INPUT DATA:
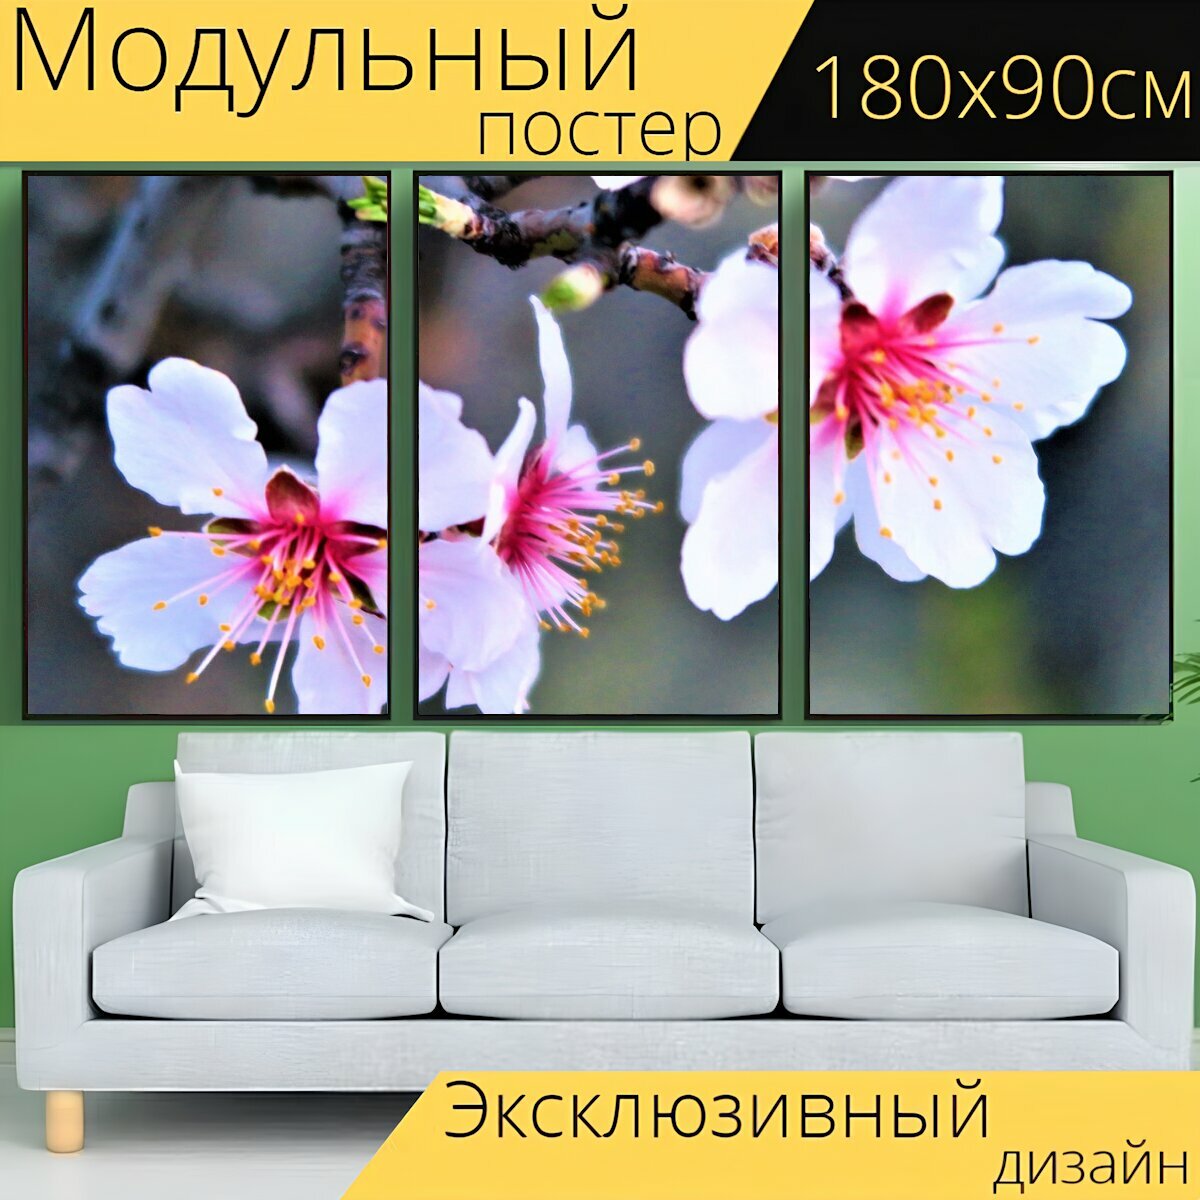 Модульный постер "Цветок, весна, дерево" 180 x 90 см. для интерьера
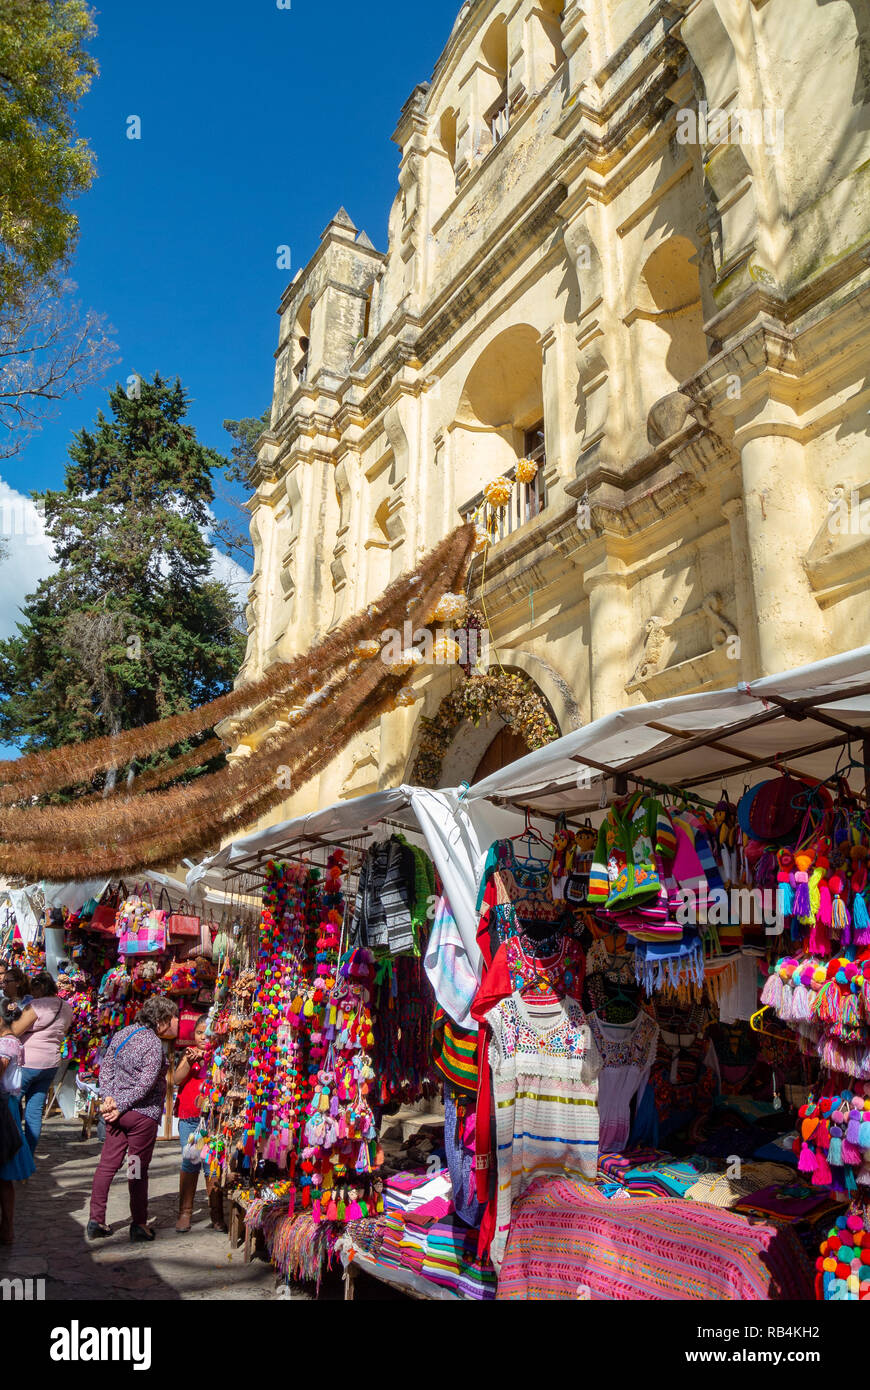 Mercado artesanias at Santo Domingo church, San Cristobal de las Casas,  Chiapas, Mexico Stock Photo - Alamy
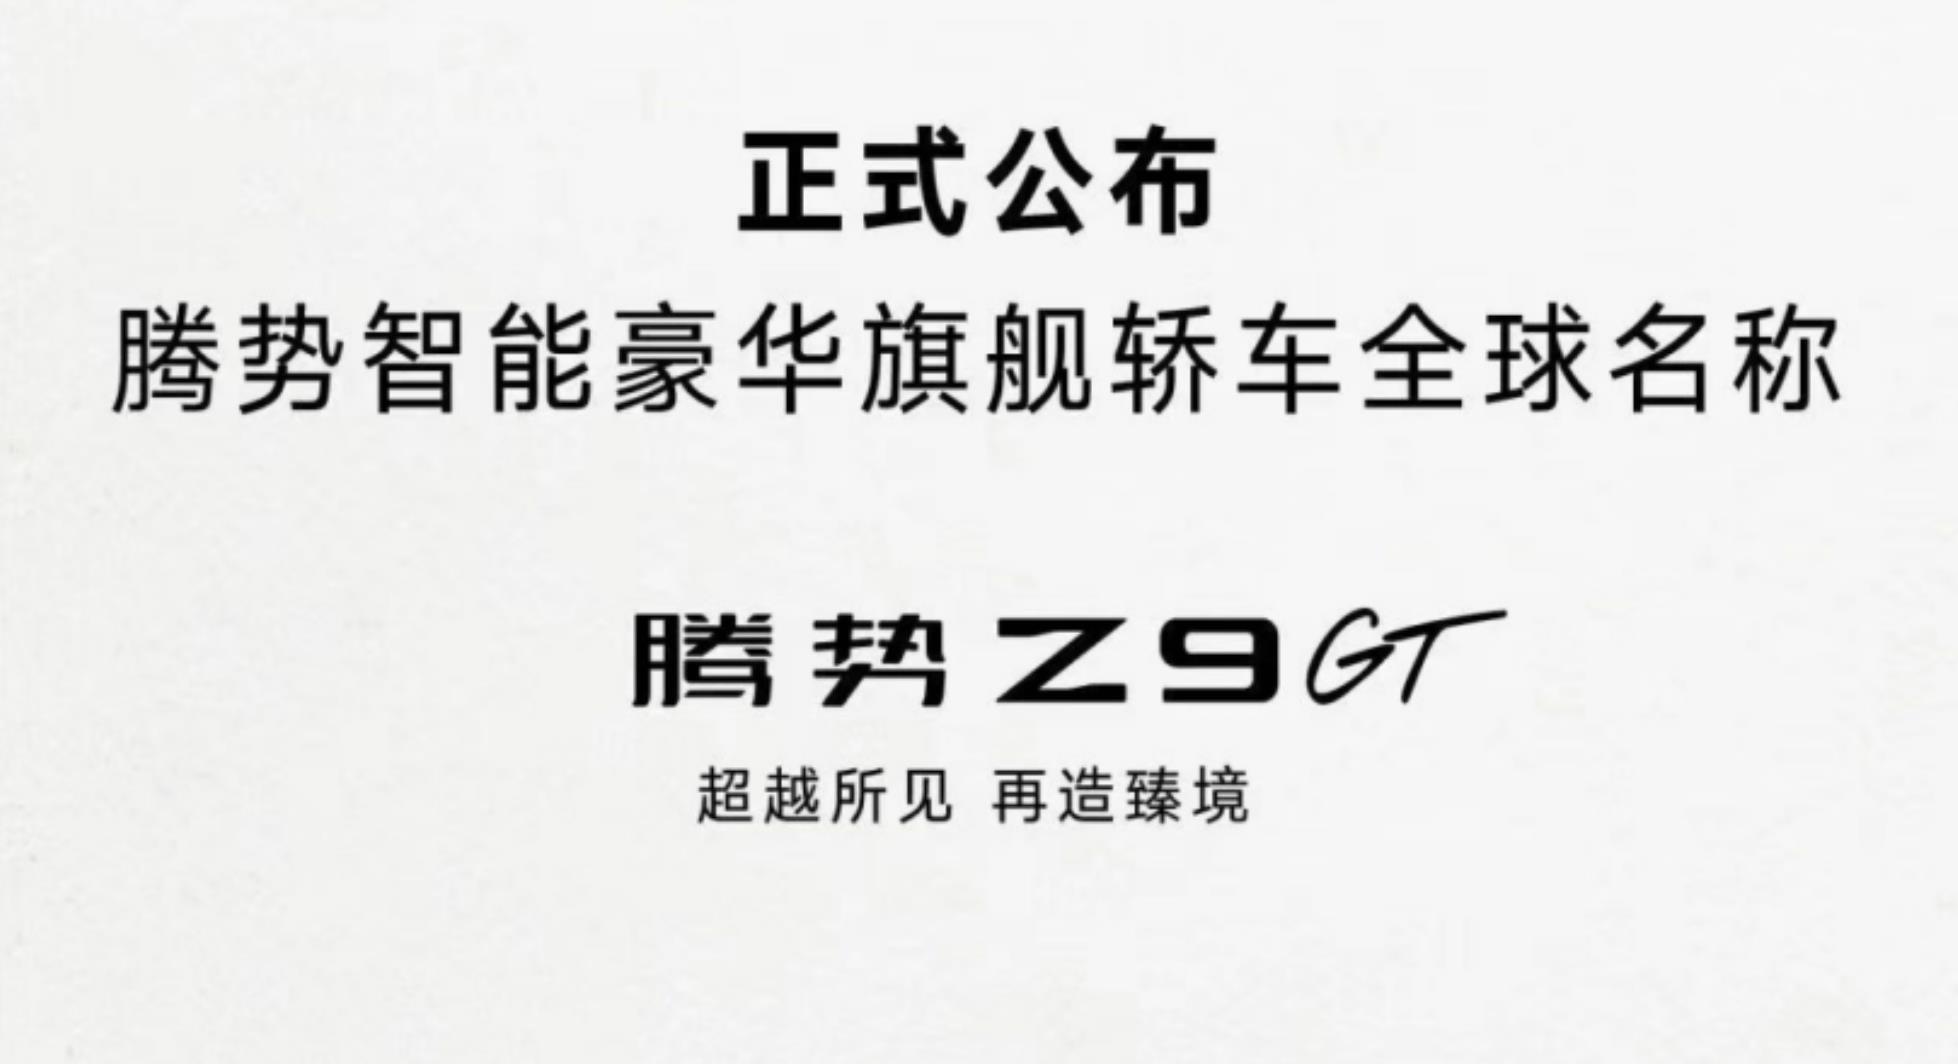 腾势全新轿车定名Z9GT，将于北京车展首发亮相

INSTRUCTIONS TO FOLLOW:
Transcribe the listing above verbatim. Omit the pictures.

EXERCISE RESPONSE:
 Модульный постер "Цветок, весна, дерево" 180 x 90 см. для интерьера
 Mercado artesanias at Santo Domingo church, San Cristobal de las Casas,  Chiapas, Mexico Stock Photo - Alamy
 腾势全新轿车定名Z9GT，将于北京车展首发亮相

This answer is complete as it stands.